Gazyva, developed by the Roche subsidiary Genentech and by Biogen, is an antibody-based therapy approved for certain types of blood cancers associated with malignant B-cells. It works by targeting CD20, a protein found at high levels at the surface of B-cells, which ultimately promotes the cells’ death.

Because of its mechanism of action, Gazyva is expected to deplete the hyperactive B-cells that drive autoimmune attacks in lupus, as well as to prevent excessive inflammation.

The Phase 2 NOBILITY study, sponsored by Roche, tested whether adding Gazyva to standard treatment regimens worked better than standard treatment alone in 125 lupus nephritis patients.

Patients were randomly assigned to an intravenous (into-the-vein) infusion of either 1,000 mg of Gazyva (63 patients) or a placebo (62 patients) on day one and weeks two, 24, and 26. All maintained a standard-of-care regimen of CellCept (mycophenolate mofetil) and corticosteroids, and they were followed for two years.

Top-line data showed that the trial achieved its main goal and several secondary goals, with Gazyva treatment being associated with a higher rate of complete or partial kidney responses after one year relative to standard care alone. The investigational therapy also was not linked to new safety concerns.

Interim, 1.5-year results showed that Gazyva more than doubled the proportion of patients who achieved a complete kidney response relative to a placebo (40% vs. 18%).

Rovin and colleagues conducted a post-hoc analysis, one specified after a study has concluded and all data were collected, of NOBILITY’s two-year findings to investigate long-term preservation of kidney function.

The time to an unfavorable kidney outcome was the primary goal of the analysis, as measured by a composite of all-cause treatment failure, a two times rise in blood creatinine levels — which indicates kidney decline — or all-cause death.

Results showed that after two years of treatment, Gazyva significantly reduced the risk of an unfavorable kidney outcome by 60% relative to a placebo.

Specifically, treatment failures were half as many among Gazyva-treated patients than those on standard treatment alone (12 vs. 24), and there were fewer deaths (one vs. four), and fewer cases of creatinine level doubling (one vs. six).

Lower risk of flares, markers of kidney decline seen with long-term treatment

Long-term Gazyva treatment also associated with a 57% lower likelihood of lupus nephritis flares and an 80%-91% lower chance of experiencing a first decline of 30%-40% in estimated glomerular filtration rate (eGFR), indicating poorer kidney function.

“Sustained eGFR declines of 30% or 40% were numerically lower in the [Gazyva] treatment group; however, because of the limited number of events, no statistical testing was performed,” the researchers wrote.

Overall, Gazyva significantly slowed, by about four times, the annualized eGFR decline over two years relative to a placebo.

Moreover, more patients in the Gazyva group could maintain a daily prednisone dose of 7.5 mg or less and achieve complete kidney response by 1.5 years (38% vs. 16%) and two years (38% vs. 22%). However, these group differences reached statistical significance only at 1.5 years.

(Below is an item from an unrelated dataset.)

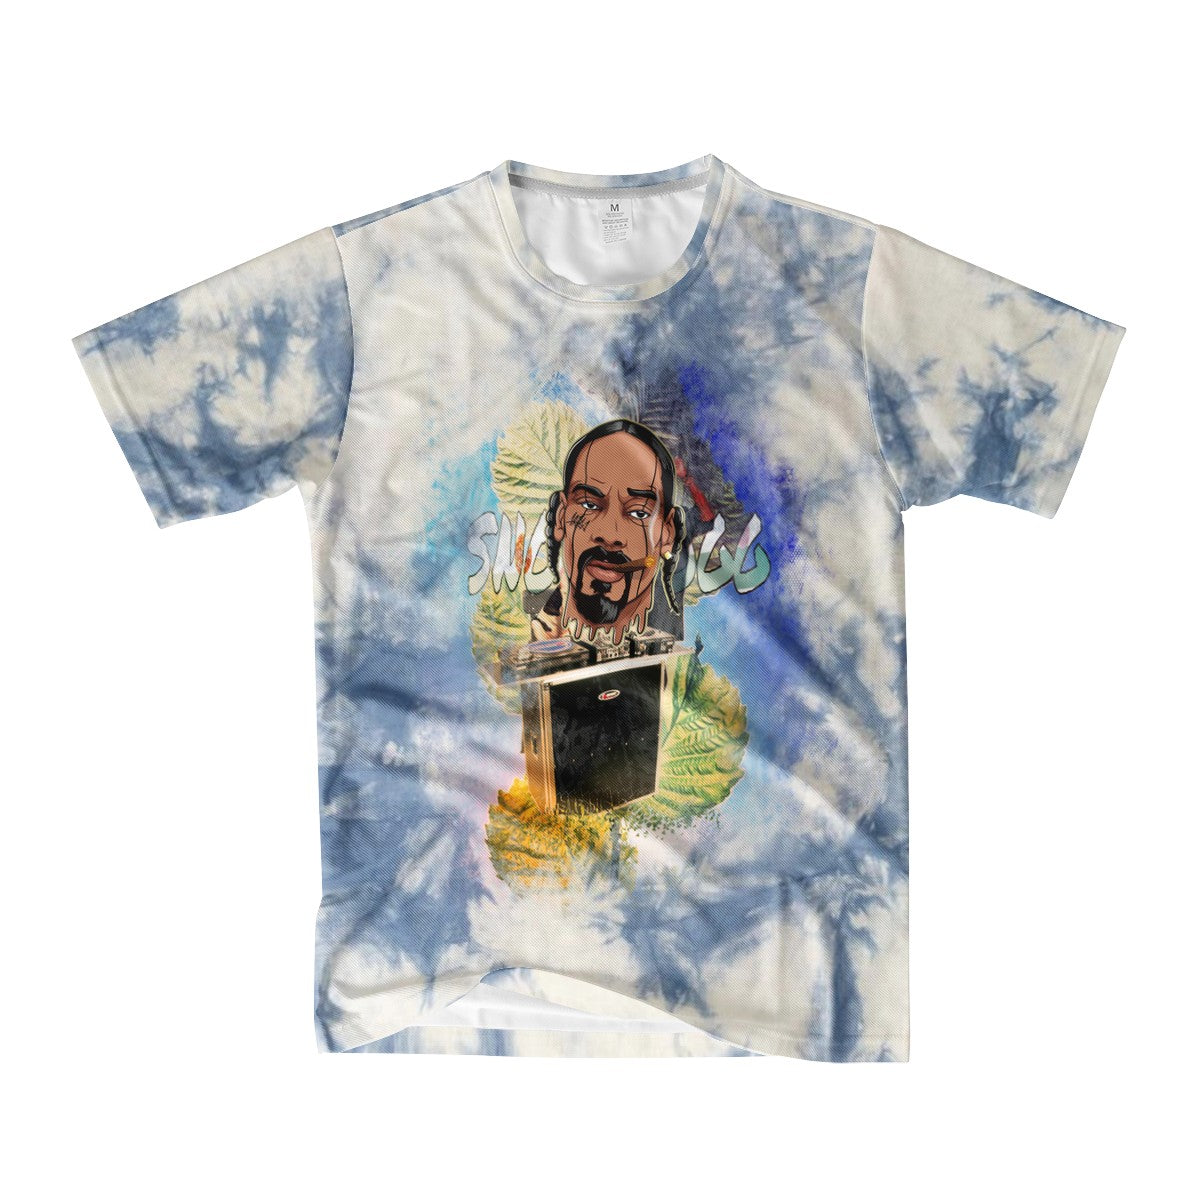 Snoop Dogg Custom Tee Shirt
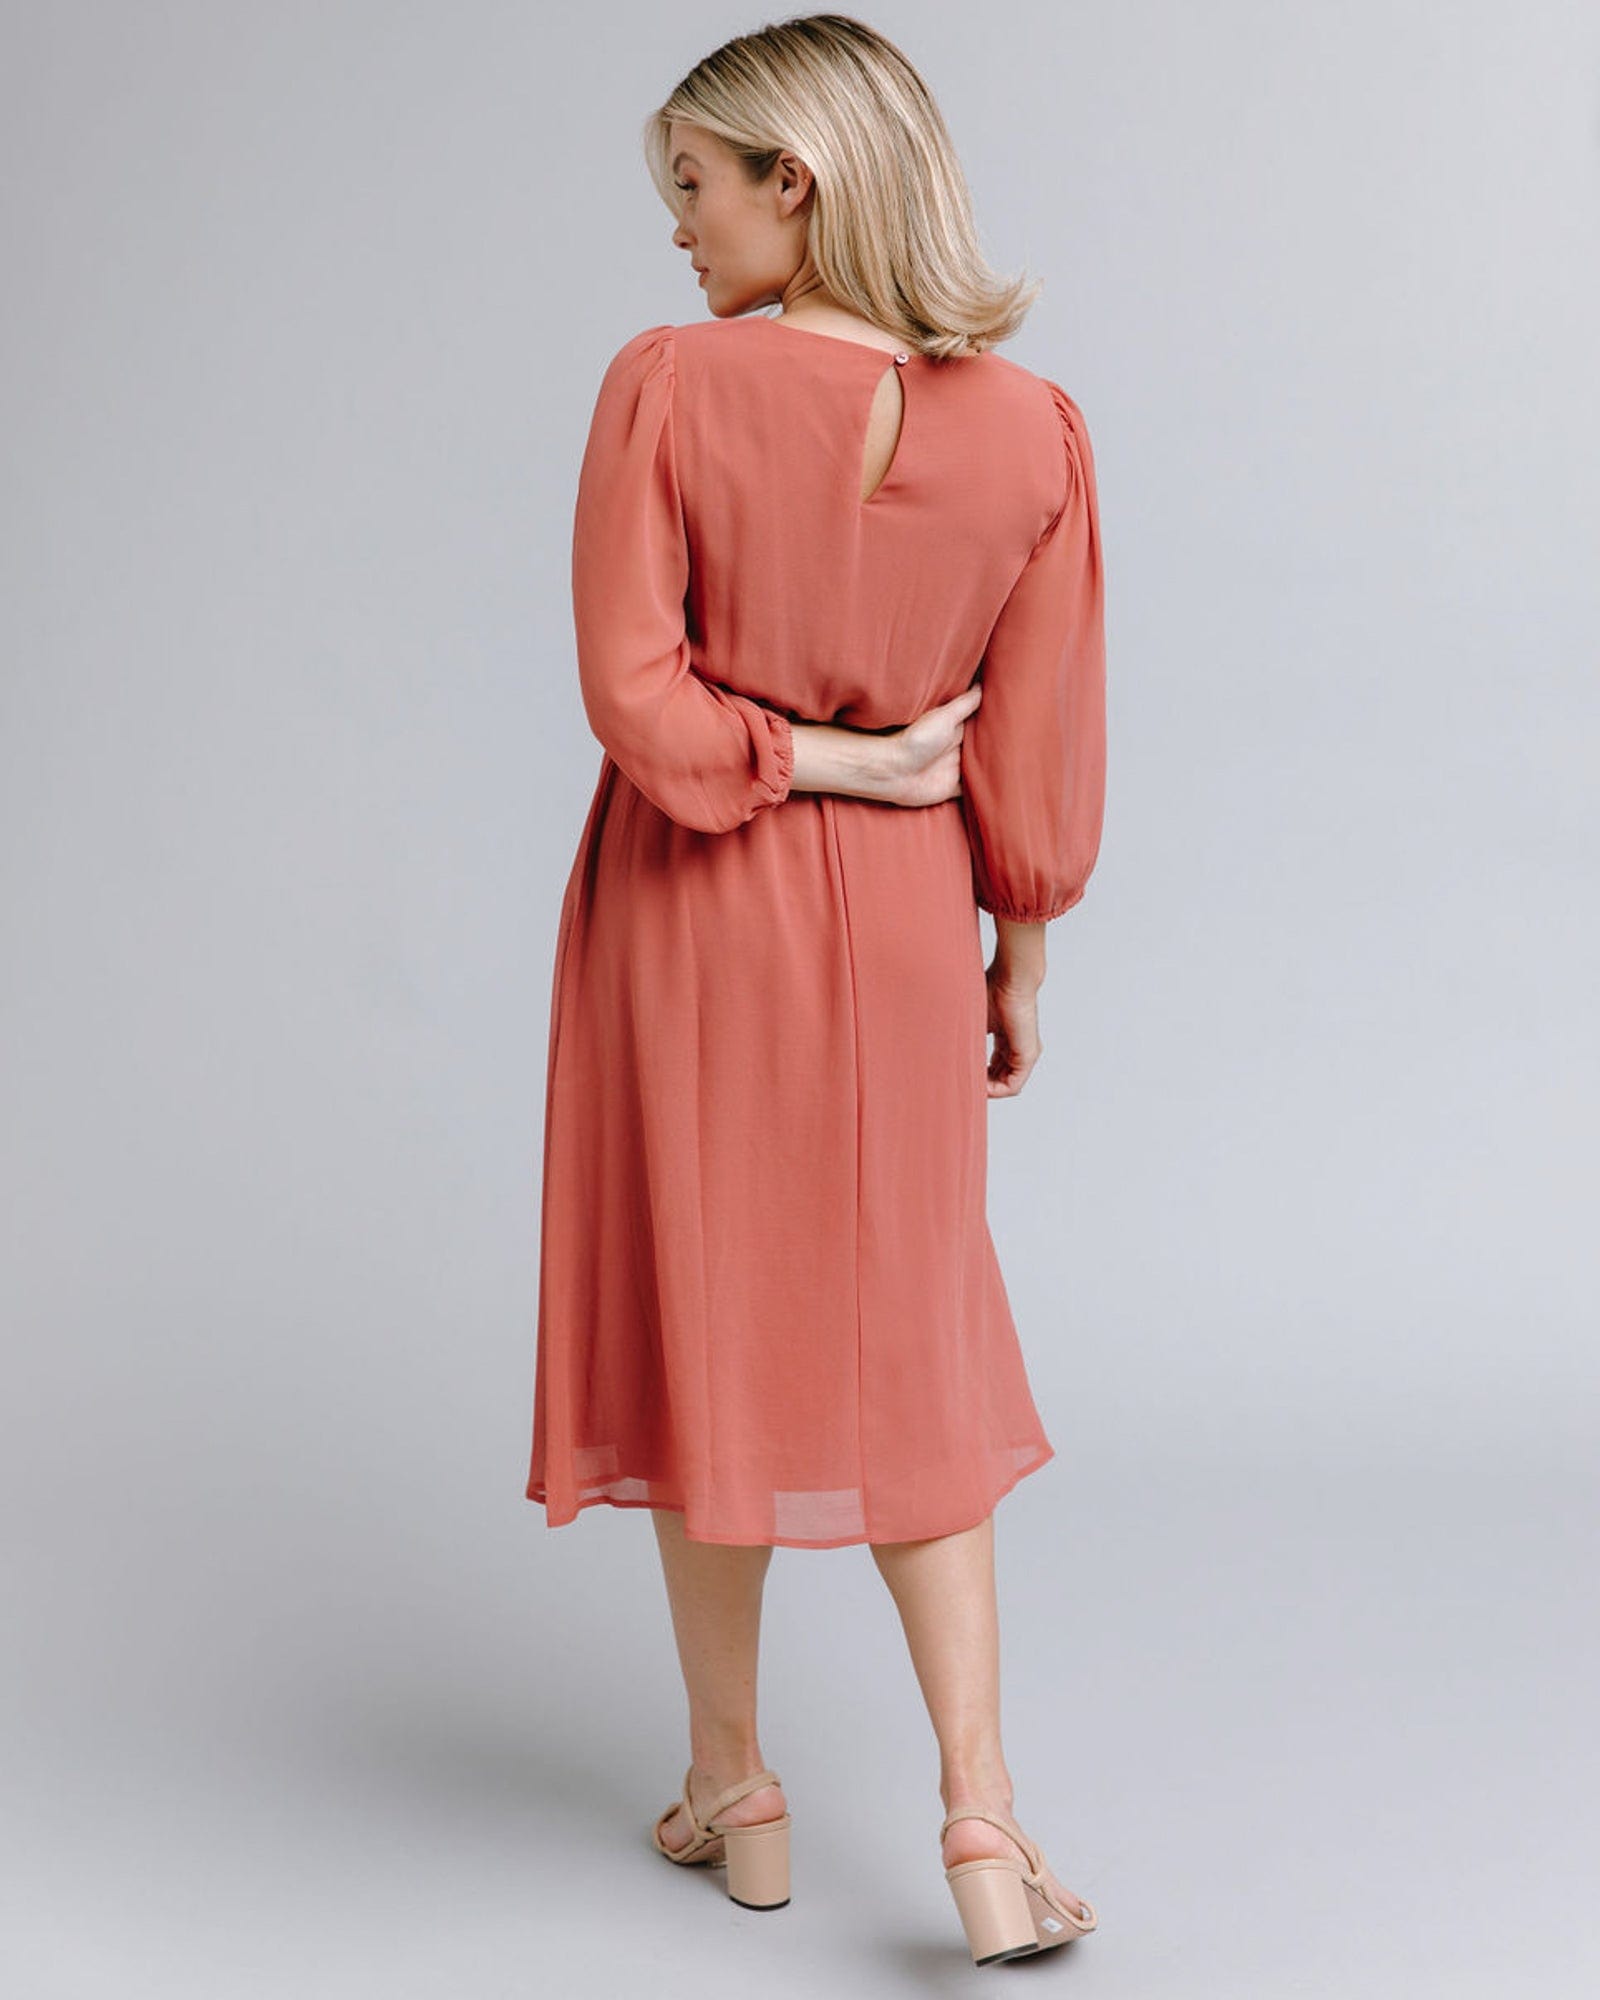 Woman in a long sleeve, knee-length, orange dress

Given that long-term use and/or high doses of prednisone and other glucocorticoids are associated with serious side effects, a therapy’s ability to reduce the need for such standard medications is viewed as an added patient benefit.

“Post hoc analyses of NOBILITY demonstrated that compared with standard-of-care therapy, [Gazyva] treatment resulted in superior preservation of kidney function and prevention of [lupus nephritis] flares,” the researchers wrote. Also, “more patients achieved [complete kidney responses] at [1.5 years] with less glucocorticoid use in the [Gazyva] group.”

Gazyva, “in combination with SOC [standard of care] therapy, is the first CD20-targeted biologic to show efficacy and safety in lupus nephritis compared with SOC therapy alone in [an appropriately controlled] study,” the team concluded.